While Jordan and Mary Beth's daughters plot to get their parents together, Mary Beth applies for a grant on interspecies communication, utilizing Zeus for her research. But her unscrupulous competitor, Dr. Carver, does everything he can to sabotage her work and win the grant for himself. Carver captures Zeus and Roxanne, but Zeus turns the tables and traps Carver in a net while he and Roxanne escape.Zeus and Roxanne is pleasantly innocuous when it sticks to such shameless, but effective, family-movie basics as single parents falling in love, precocious kids, and adorable animals. It offers attractive underwater photography and pretty sunsets, a broadly comic villain with a South African accent, and cute scenes of the frisky dog "talking" to the shy dolphin. Unfortunately, it becomes virtually unwatchable when the plot's focus shifts from communicating animals to Terry and Mary Beth's sappy romance.

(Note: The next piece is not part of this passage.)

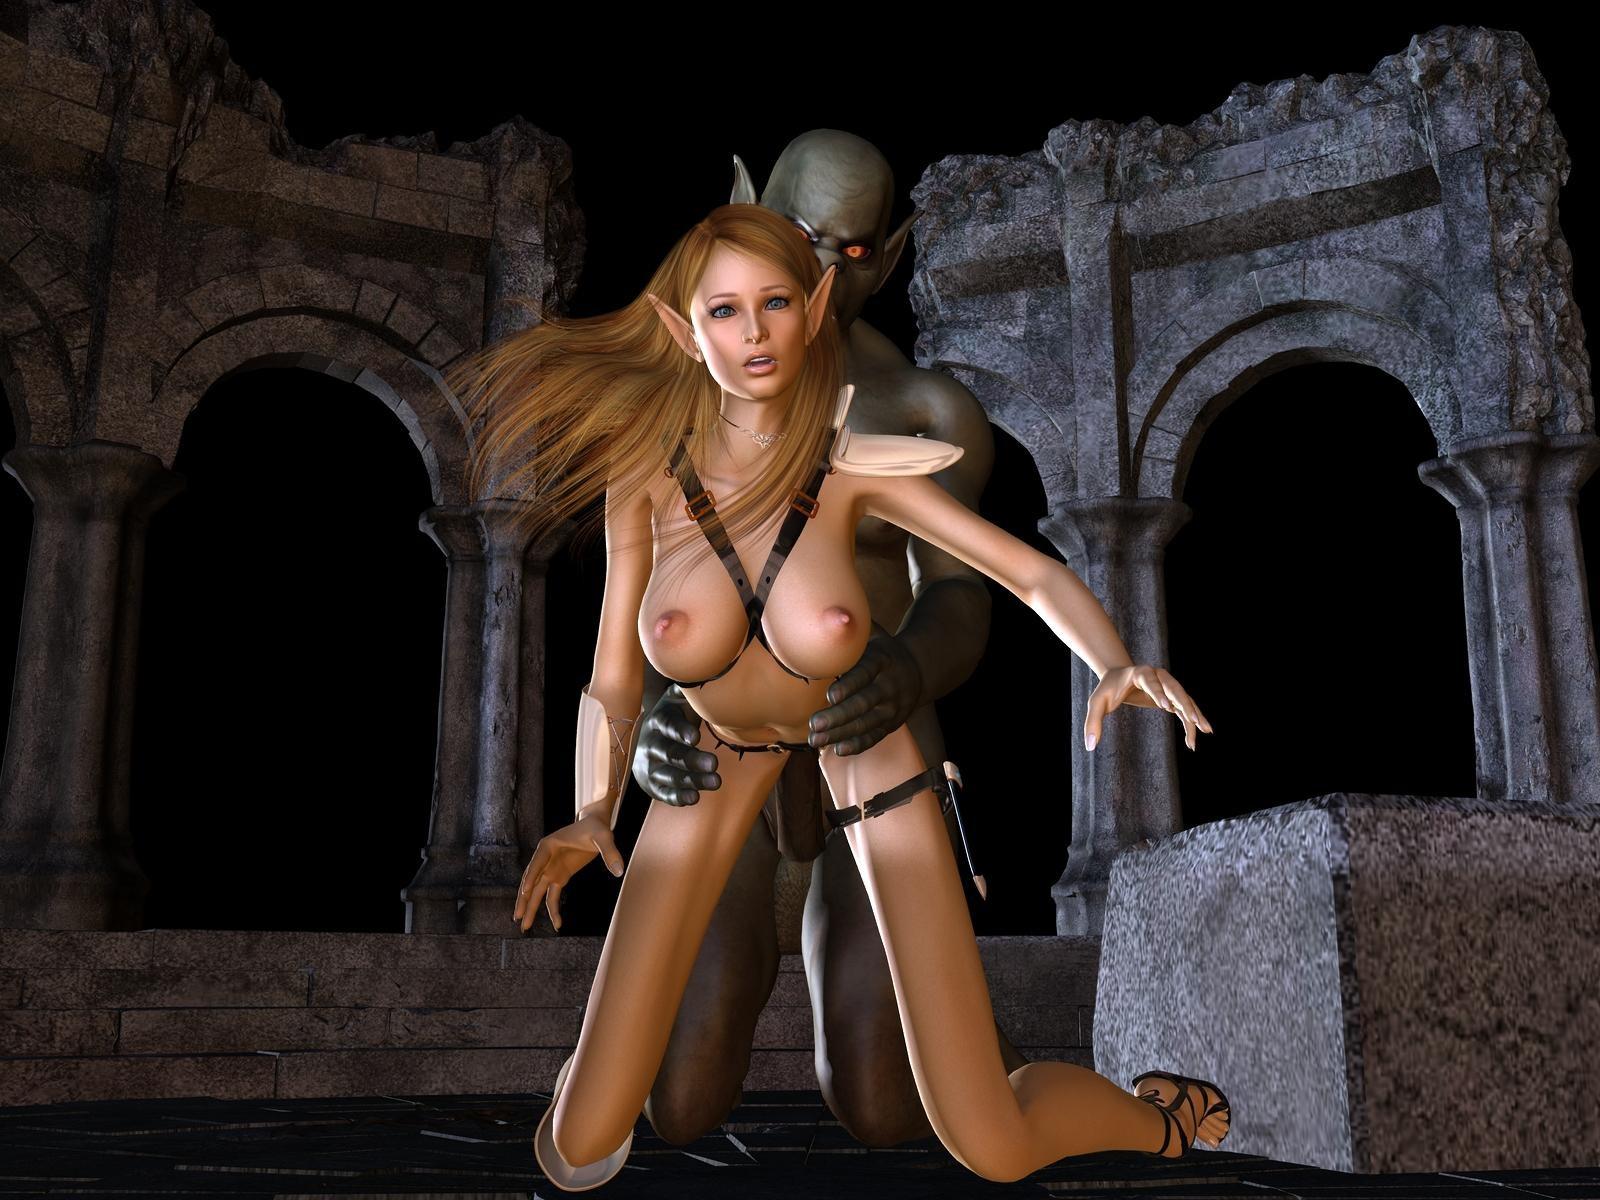 Porncraft lara croft free nackt amateurs sexygirls

After the adult's first date, the animals fade into the background as the kids conspire to get their parents together. It's hard to imagine at whom the filmmakers thought they were aiming; at this point, kids will become bored, while their parents squirm as they're subjected to a bare-chested Steve Guttenberg (playing an unconventional musician working on a rock opera, hilariously outfitted with an earring and a motorcycle).
The children are the usual wisecracking teen stereotypes, resulting in lots of high-fives, thumbs-ups, and dialogue such as, "No way."
"Way!" When Terry finds a picture of his late wife while moving into Mary Beth's house, the movie becomes hopelessly maudlin, culminating with one of the most mushy endings in memory: Terry and Mary Beth's wedding is interrupted by news of her grant, followed by Zeus "telling" Roxanne it's time for her to rejoin her dolphin friends, which she does after catching the wedding bouquet!
Australian director George Miller is an old hand at these animal and nature movies, but this one is strictly a dull, by-the-numbers effort. Free Willy is a more kid-friendly animal tale, without the distracting romance.